Autor: Seyed Iman Ghafoorian Heidari, Majid Safehian, Faramarz Moodi, Shabnam Shadroo
Jazyk: angličtina
Rok vydání: 2024
Předmět:
Zdroj: Case Studies in Chemical and Environmental Engineering, Vol 10, Iss , Pp 101008- (2024)
Druh dokumentu: article
ISSN: 2666-0164
DOI: 10.1016/j.cscee.2024.101008
Popis: The combinations of chemical admixtures play a significant role in producing concrete. Understanding their mechanical properties is crucial for ensuring safety and durability. Among these properties, compressive strength (CS) stands out as the most critical attribute of concrete. This research introduced a distinct concrete mix utilizing a blend of superplasticizers, retarders, and air-entraining agents, designed to meet specific construction requirements for enhanced durability and workability.
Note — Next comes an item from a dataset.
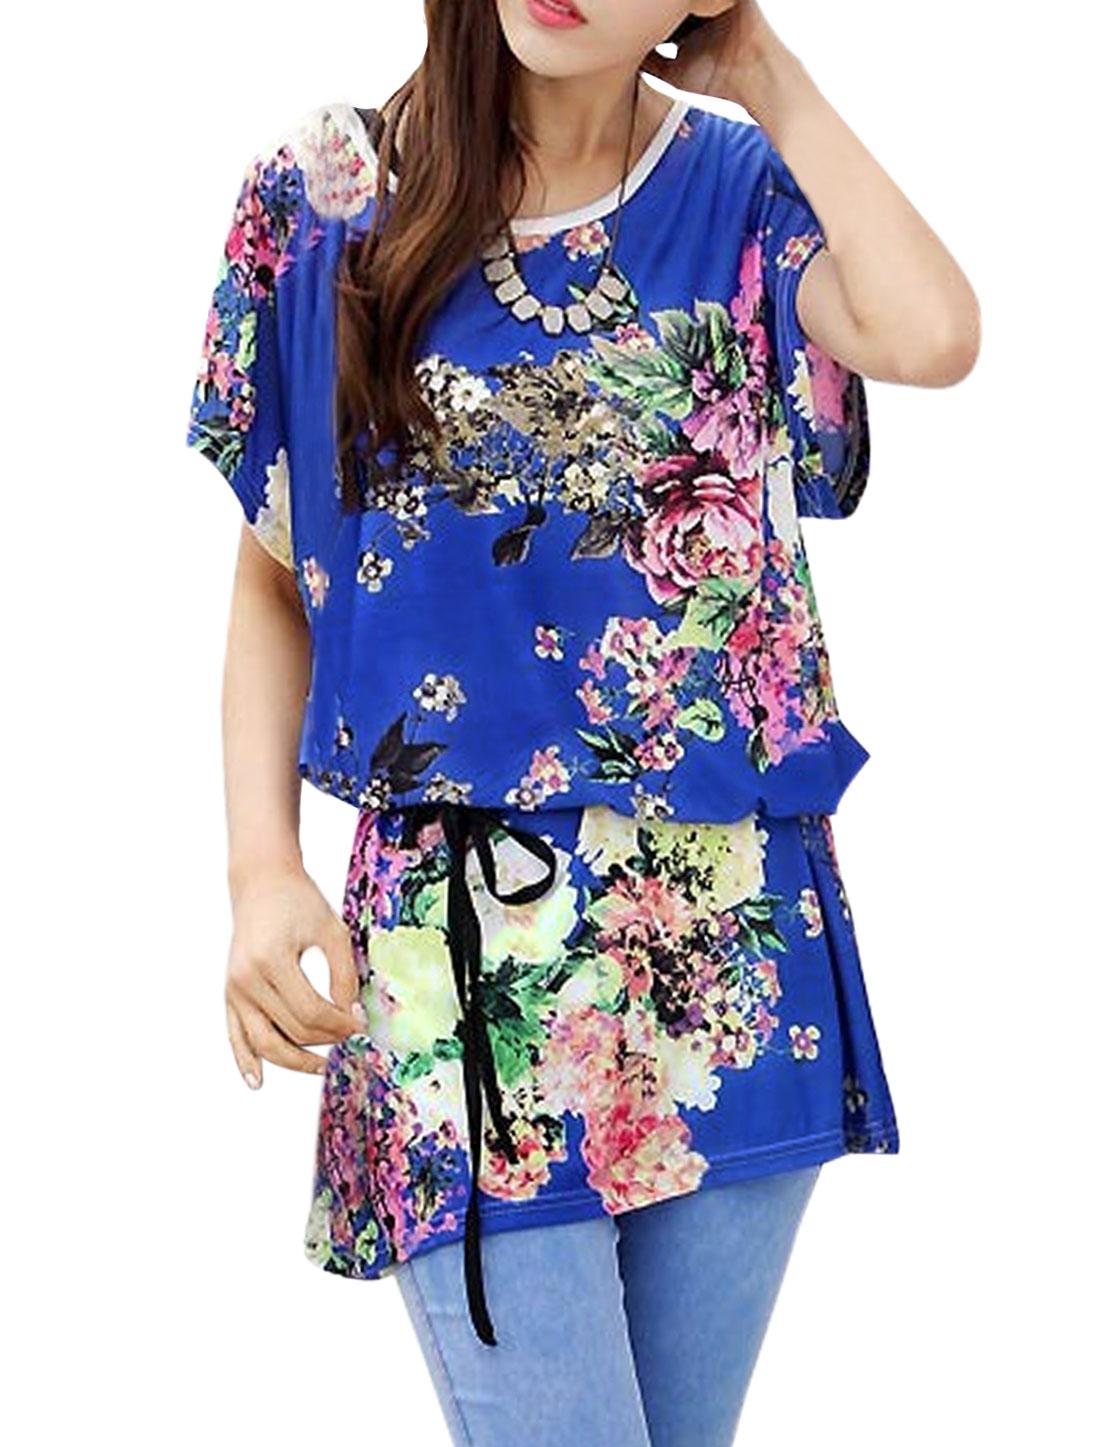 Ladies Short Sleeves Tunic Floral Tops w Waist Belt Blue M

The study examines the long-term effects of combining various chemical admixtures on the compressive strength of concrete, utilizing advanced experimental data and machine learning models with a level of precision and detail that has been relatively underexplored.This investigation includes a substantial increase in samples (7845) compared to previous research. Samples were tested at different ages, ranging from 3 days to 3 years. To enhance the accuracy of machine learning (ML) models, a novel approach to data distribution simulation based on K-means clustering was employed for generating synthetic data. Various ML models, including Nonlinear Autoregressive with Exogenous Inputs (NARX), Support Vector Regression (SVR), Radial Basis Function (RBF), Multilayer Perceptron (MLP), Decision Tree (DT), and Random Forest (RF), were evaluated for predicting the compressive strength of concrete (CS). Results show the NARX model outperforms the other models, validated by experimental data and k-fold cross-validation. This model showed a coefficient of determination (R2 = 0.9932), normalized mean square error (NMSE = 18.97), normalized mean absolute error (NMAE = 2.49), and normalized root-mean-square error (NRMSE = 6.18). The findings revealed that in Mix - 1, the compressive strength increased from 450 (kg/cm2) at 28 days to 480 (kg/cm2)at 90 days, but then decreased to 420 (kg/cm2) after three years. This reduction in strength may lead to decreased load-bearing capacity and higher repair costs, highlighting the need to revise concrete design standards. This study emphasizes revising some current concrete structure design standards to accommodate the observed long-term reductions in compressive strength.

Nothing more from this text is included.